Mary Anning

Reseña del libro “Mary Anning. Cazadora de dragones”, de Jordi Bayarri y Dani Seijas


“Este es un tebeo sobre Mary Anning, pero en realidad la ciencia no la hacen grandes genios sino todos los científicos pensando juntos”.

Así arranca Mary Anning. Cazadora de Dragones, este nuevo cómic o tebeo que nos presenta la Colección Científicos, una colección que nunca me cansaré de repetir que no debe faltar en ninguna biblioteca y sobre todo en ningún colegio, un material que agradecerá cualquier profe, ya que son personajes escogidos y esta puede ser la base con la que atraer la curiosidad de futuros investigadores. Están dirigidos a una chavalería que cuanto antes se empiecen a hacer preguntas y a prestar interés por las cosas que les rodean, antes valorarán la opción de dedicarse a la ciencia, o por lo menos a respetar a los científicos.

Reconozco que poco sabía yo de Mary Anning y del resto de los personajes que nos presenta Jordi Bayarri en esta nueva biografía de científicos.

Una vez más una familia que estimula, en este caso por necesidad, la curiosidad de los hijos y su amor por una afición compartida: La búsqueda de fósiles en Blue Lias, una formación rocosa en la cosa de Lyme Regis, donde vive la familia Mary.

Desde muy pequeños los hermanos Joseph y Mary acompañan a su padre, carpintero de profesión, en busca de pequeños fósiles que luego vendían a los turistas de la zona para poder mejorar su precaria situación familiar. Situación que se verá terriblemente complicada cuando fallece el padre siendo aun los hermanos muy jóvenes e inexpertos. A pesar de ello, y de que el hermano tendrá que empezar a “trabajar”, Mary verá que la solución a los problemas familiares tienen que venir de ese mundo que su padre le mostró.

A lo largo del tiempo aparecen personas en nuestra vida que nos aportan amor, enseñanzas, alegría, amistad … Sueños.

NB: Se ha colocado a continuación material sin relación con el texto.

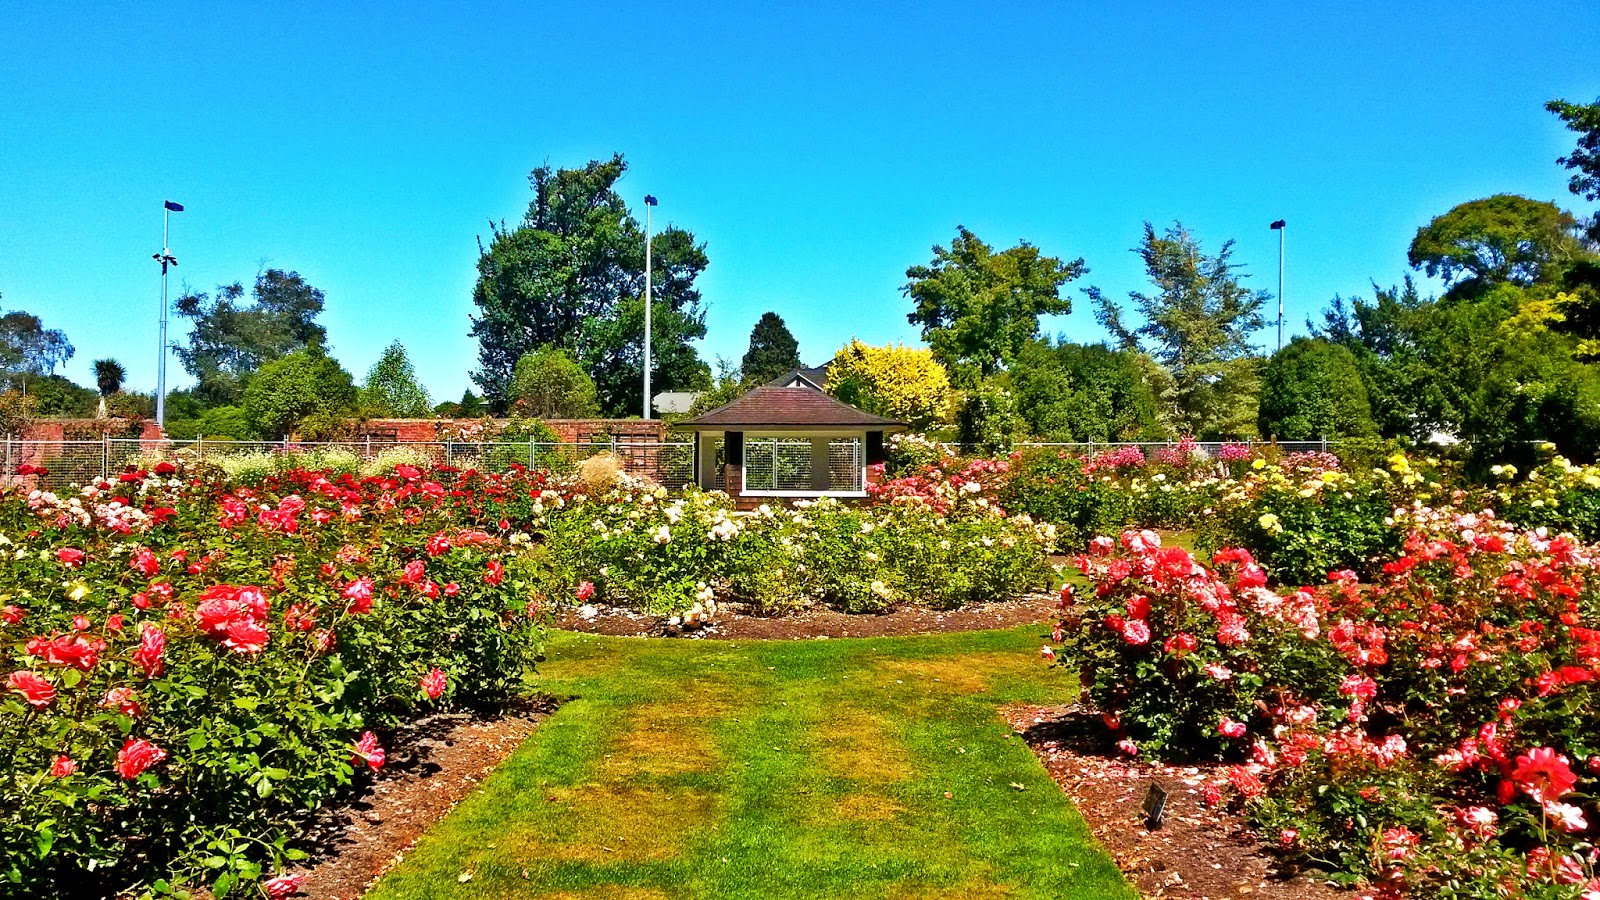 Mona Vale Gardens, New Zealand @Festistmirmhycz

Mary tuvo la suerte de encontrar en su camino a Elizabeth Pfilpot, que junto con sus hermanas tenían una gran colección de fósiles, y le enseñaron lo básico sobre como buscar, y sobre todo le recomendaron libros en los que entender qué tenía que buscar y cómo hacerlo. La estaban preparando para ser una excepcional “Cazadora de dragones”.

También recuerdo al Coronel Birch, al que Bayarri ha dibujado con cara de buena gente, porque es de esas pocas personas que la ayudaron por verdadero amor a la ciencia, a él le vendió Mary Anning, un gran fósil, y éste, viendo en la miseria que vivía la familia Anning, decidió hacer una subasta con sus propios fósiles para entregar el dinero a la familia.

Luego están esas otras personas que no aportan, sino todo lo contrario, se aprovechan de la buena gente, de su trabajo, de su inocencia y sobre todo de su buena fe. De estos personajes Mary encontró demasiados en su vida, algunos que incluso se apropiaron de sus descubrimientos y hasta de su intuición.

Me alegra saber que por lo menos su primer gran descubrimiento, y que le llevó más de un año sacar a la luz y limpiar, no lleva el nombre de ningún señor encopetado, y que finalmente fue denominado como ictiosaurio, que quiere decir “pez lagarto”.

Tras ese hallazgo empezó a ser reconocida por parte de la comunidad científica, aunque siempre había quienes, como el Dr. Everad Home, que en sus artículos se negaba a citar a nuestra amiga, algo que ya no se pudo evitar en 1823 cuando descubrió otro gran dragón, ahora era el esqueleto completo de un enorme reptil marino: un plesiosaurio. Era tan grande y estaba en tan buen estado que muy pronto llamó la atención del zoólogo francés Georges Cuvier, y ya fue imposible silenciar el nombre de nuestra querida Mary Anning.

Ahora, si vamos a llevar a nuestros niños y niñas al museo de ciencias naturales de Londres, o a cualquier otro en el que haya alguna pieza hallada por nuestra protagonista, ya podremos saber todos, como lo sé yo ahora, de qué y de quién estamos hablando.

¿Has escrito un libro y quieres que lo leamos?

Llevar a la chavalería a zonas en las que puedan encontrar algún fósil se puede convertir en una divertida aventura y otra forma de pasar las vacaciones o los fines de semana alejados de pantallas y disfrutando de la naturaleza… ¿Os apuntáis?

De momento vamos a divertirnos con el cómic.